**Task material**:
____________

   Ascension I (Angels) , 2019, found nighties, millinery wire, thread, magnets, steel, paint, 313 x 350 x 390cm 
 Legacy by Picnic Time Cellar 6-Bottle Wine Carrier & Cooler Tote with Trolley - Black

____________

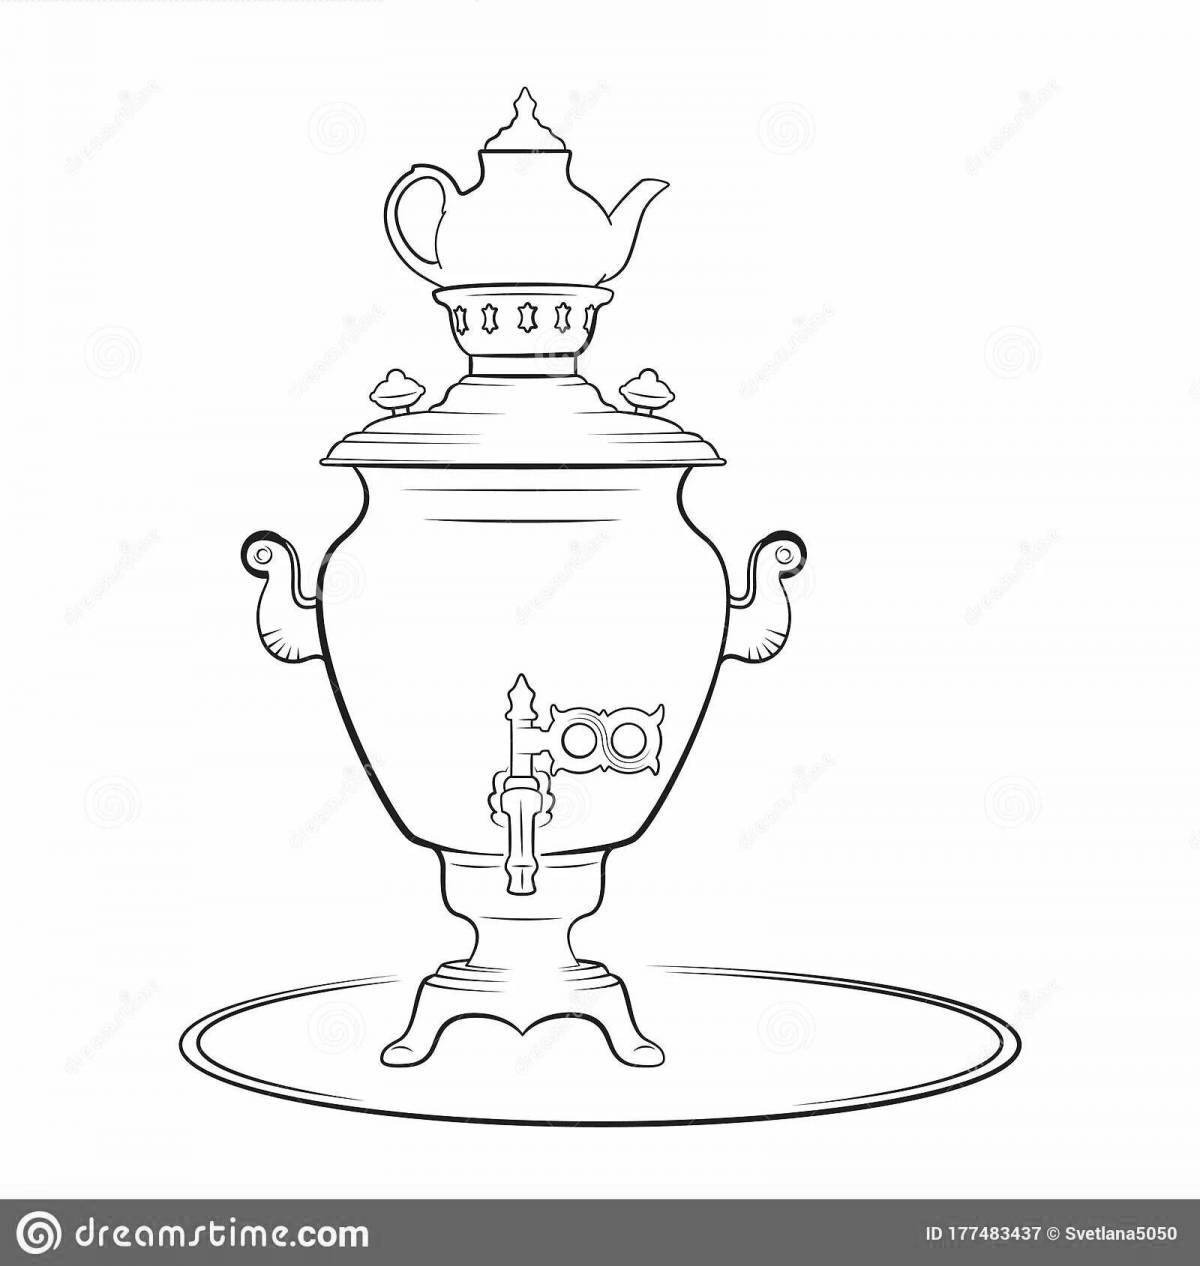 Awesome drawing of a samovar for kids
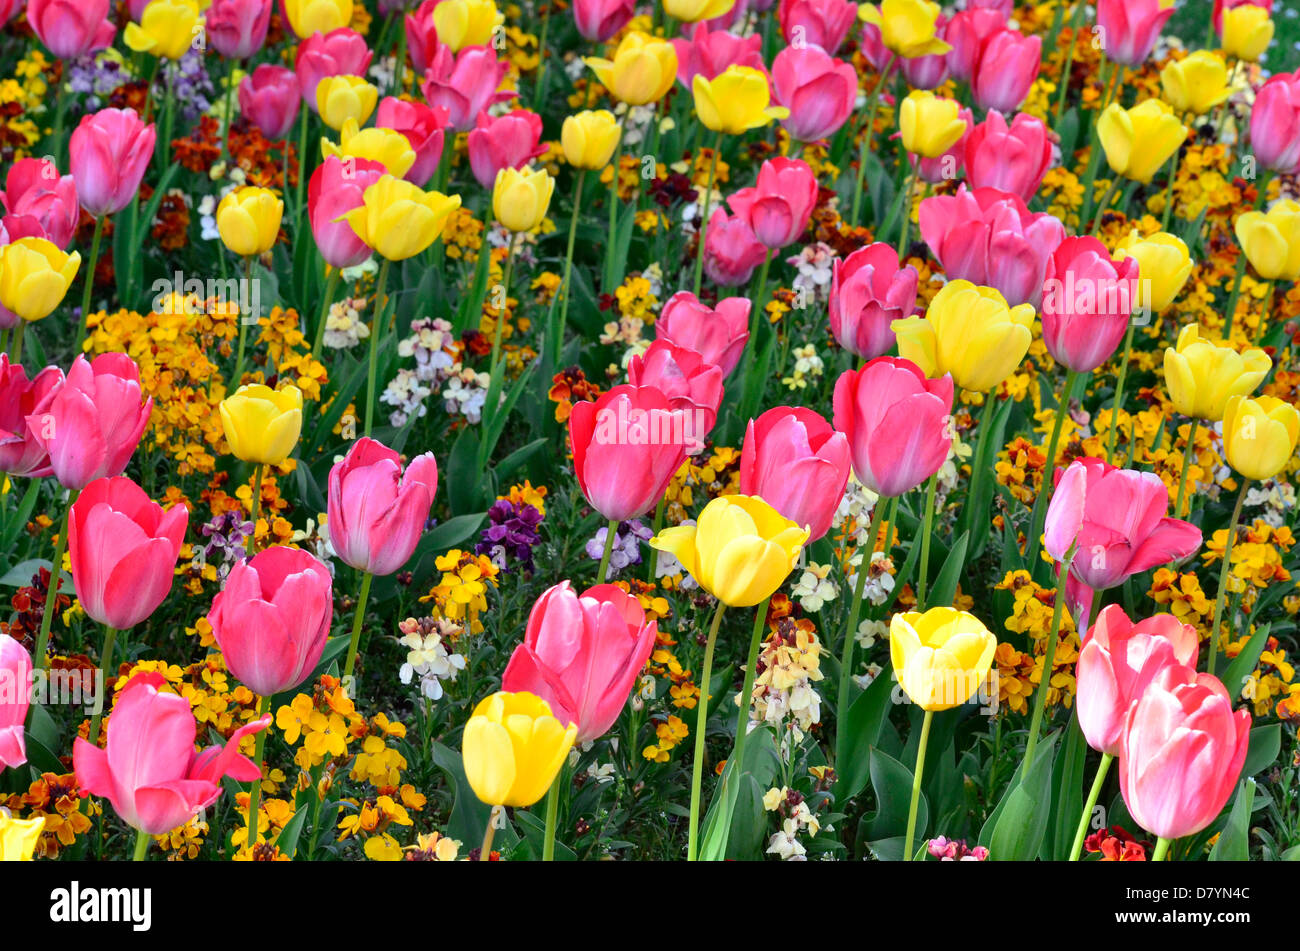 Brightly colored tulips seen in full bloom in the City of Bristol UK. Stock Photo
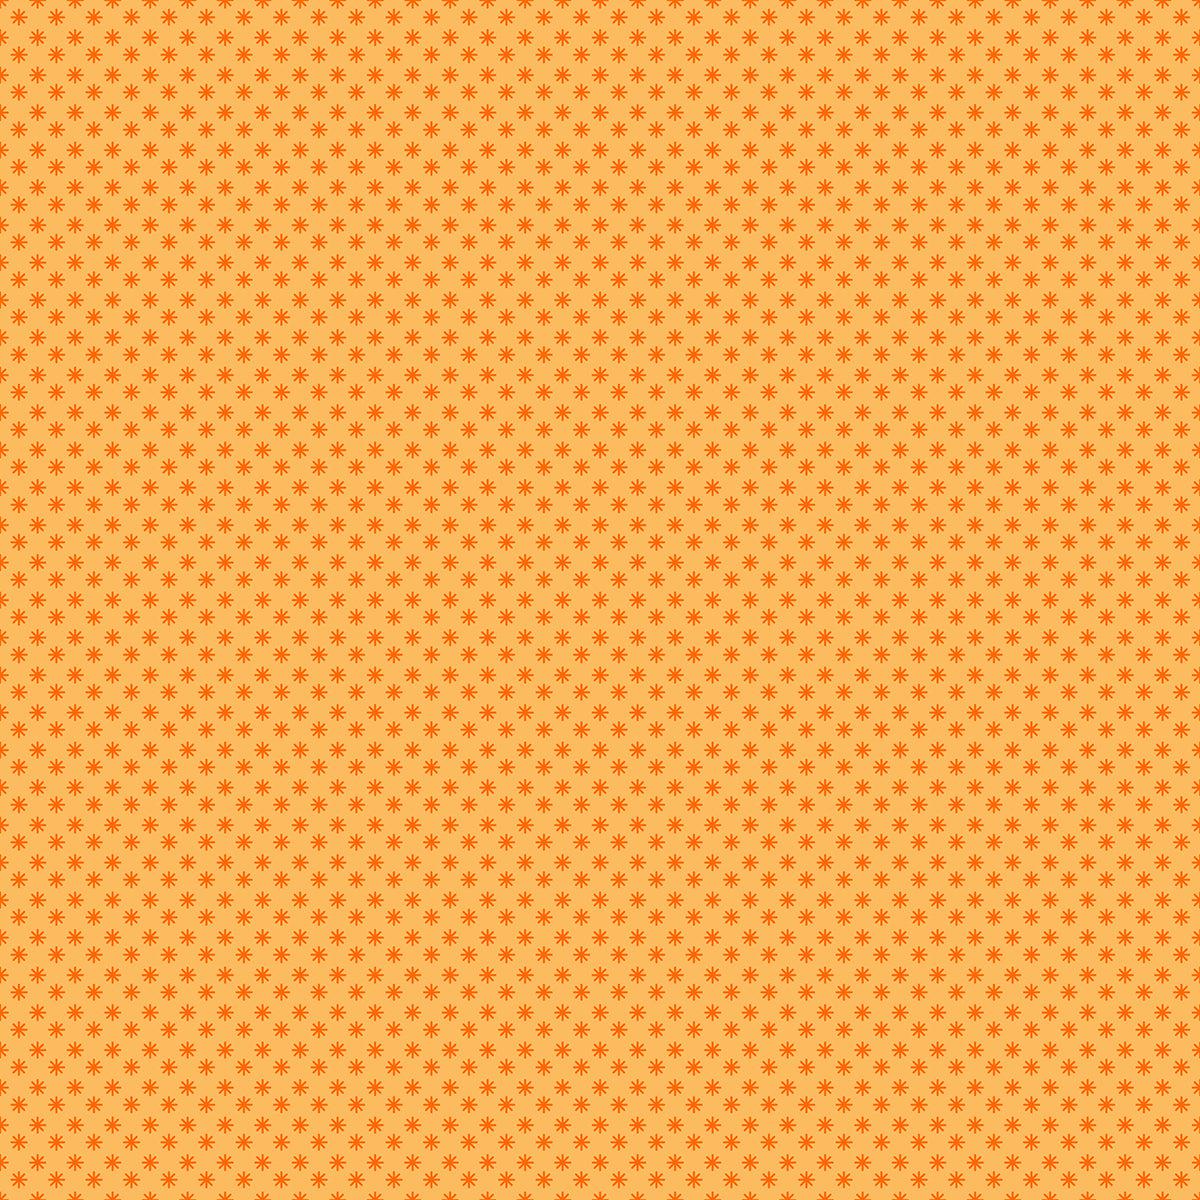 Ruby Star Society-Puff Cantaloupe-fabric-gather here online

____________

**Goal of the exercise**: Copy out the range of lines above starting at the line with "Ascension I (Angels)" and ending at the line with "Legacy by Picnic", exactly and including both.

**Problem solution**:
   Ascension I (Angels) , 2019, found nighties, millinery wire, thread, magnets, steel, paint, 313 x 350 x 390cm 
 Legacy by Picnic Time Cellar 6-Bottle Wine Carrier & Cooler Tote with Trolley - Black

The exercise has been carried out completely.